The bacterium is Clostridium difficile, also known as C-diff. The

germ is becoming a regular menace in hospitals and nursing homes,

and last year it was blamed for 100 deaths over 18 months at a

hospital in Quebec, Canada.

" What exactly has made C-diff act up right now, we don't know, "

Mc said.

The article published in the CDC's Morbidity and Mortality Weekly

Report focused on cases involving 33 otherwise healthy people that

were reported since 2003 in Pennsylvania, Ohio, New Jersey and New

Hampshire.

Most of the 33 hadn't been in a hospital within three months of

getting sick, and eight said they hadn't taken any antibiotics in

that span.

C-diff is found in the colon and can cause diarrhea and a more

serious intestinal condition known as colitis. It is spread by

spores in feces.

The spores are difficult to kill with most conventional household

cleaners. Even washing your hands with an antibacterial soap doesn't

eliminate all the germs.

C-diff has grown resistant to certain antibiotics that work against

other colon bacteria. The result: When patients take those

antibiotics, particularly clindamycin, competing bacteria die off

and C-diff explodes.

One of the 33 patients in the report died -- a 31-year-old

Pennsylvania woman who was 14 weeks pregnant with twins when she

first went to the emergency room with symptoms. Despite treatment

with antibiotics considered effective against C-diff, she lost the

fetuses and then died.

Ten of the 33 were otherwise healthy pregnant women or women who had

recently given birth who had had brief hospital stays. The rest were

people in the Philadelphia area who had not been in a hospital in

the three months before their illness.

The New England Journal of Medicine article looked at C-diff samples

taken between 2000 and 2003 from eight hospitals in six states --

Georgia, Illinois, Maine, New Jersey, Oregon and Pennsylvania.

The researchers found that a virulent strain of C-diff rarely seen

before 2000 accounted for more than half of the samples taken in the

hospitals. What's more, the BI strain -- as it is called -- seems to

have built resistance to two of the newest antibiotics in the

fluoroquinolones class commonly used in hospitals.

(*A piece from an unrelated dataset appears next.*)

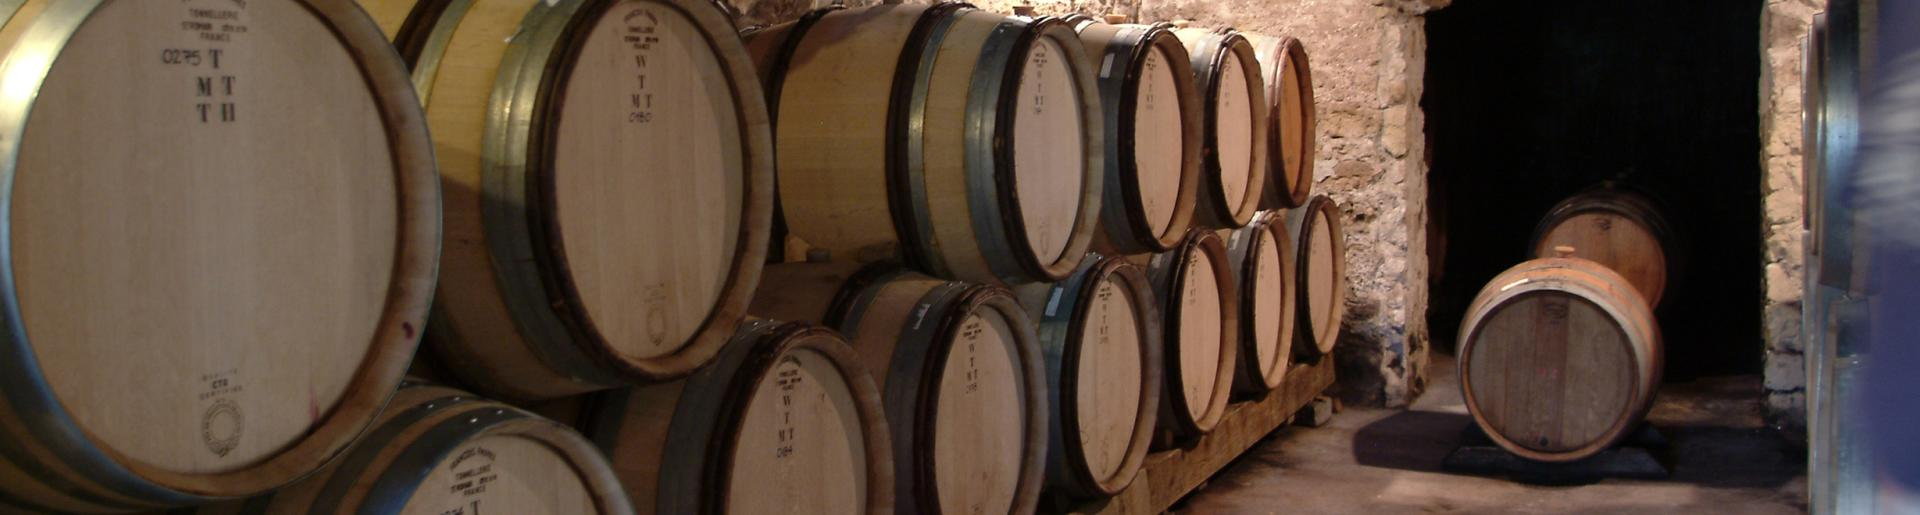 Wine barrels at Wollersheim Winery

Much of the data was presented at a scientific meeting in Boston

last year, Mc said.

Another NEJM article looked at the occurrence of C-diff in 12

hospitals in Quebec. Researchers counted 1,703 patients with C-diff

illnesses, and 422 died within 30 days of diagnosis.

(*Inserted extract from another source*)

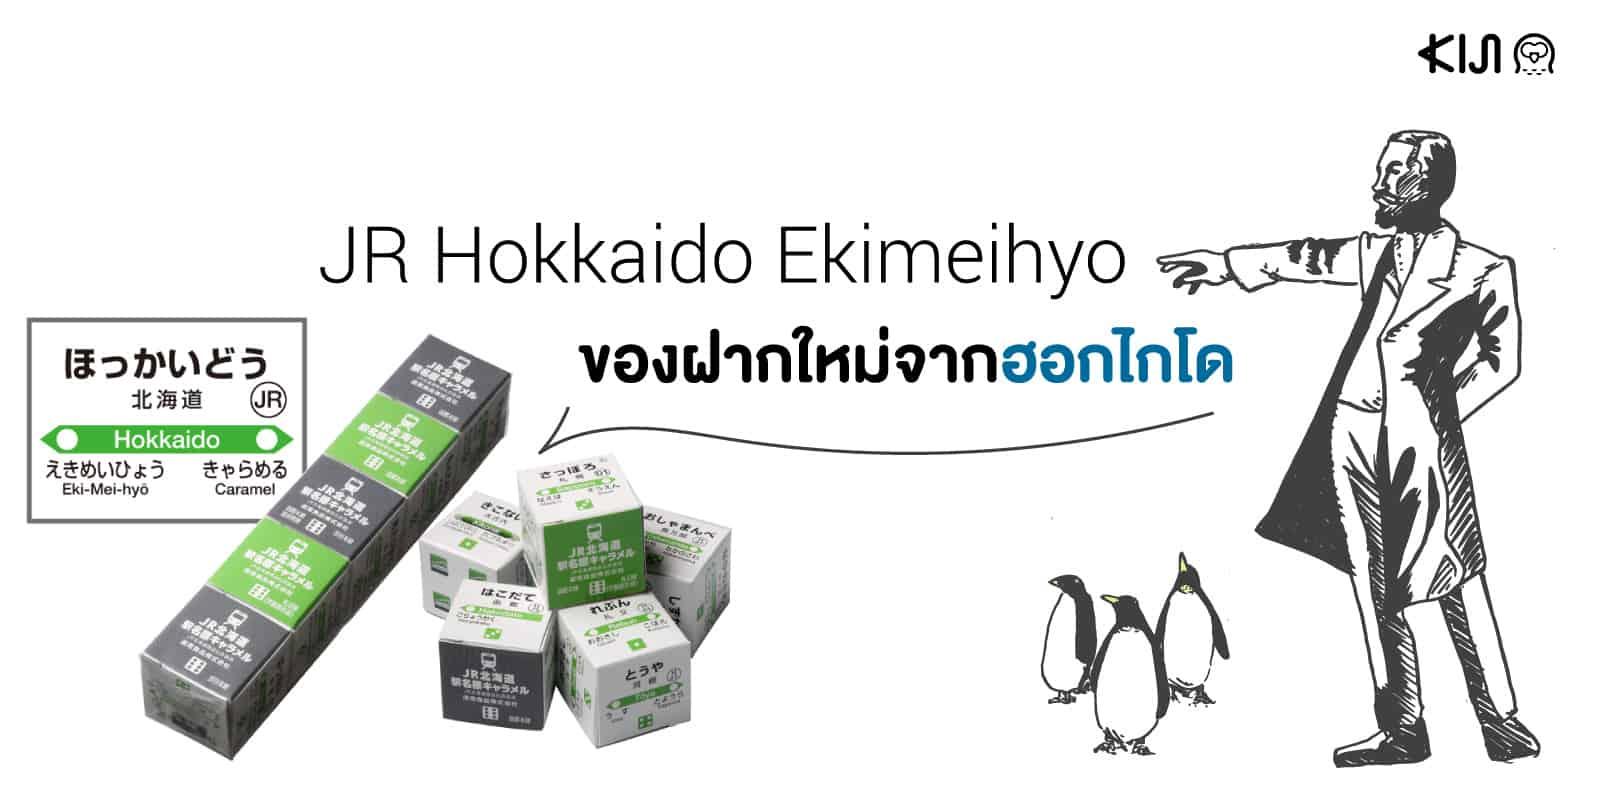 JR Hokkaido

Exposure to fluoroquinolones and other antibiotics was clearly a

risk for patients, according to the Canadian researchers who wrote

the article.

Doctors watching for C-diff in hospitals and nursing home patients

need to look for it in other patients as well, Mc said.

Patients need to be wary too. " If you have severe diarrhea, seek

attention from a physician, " he said.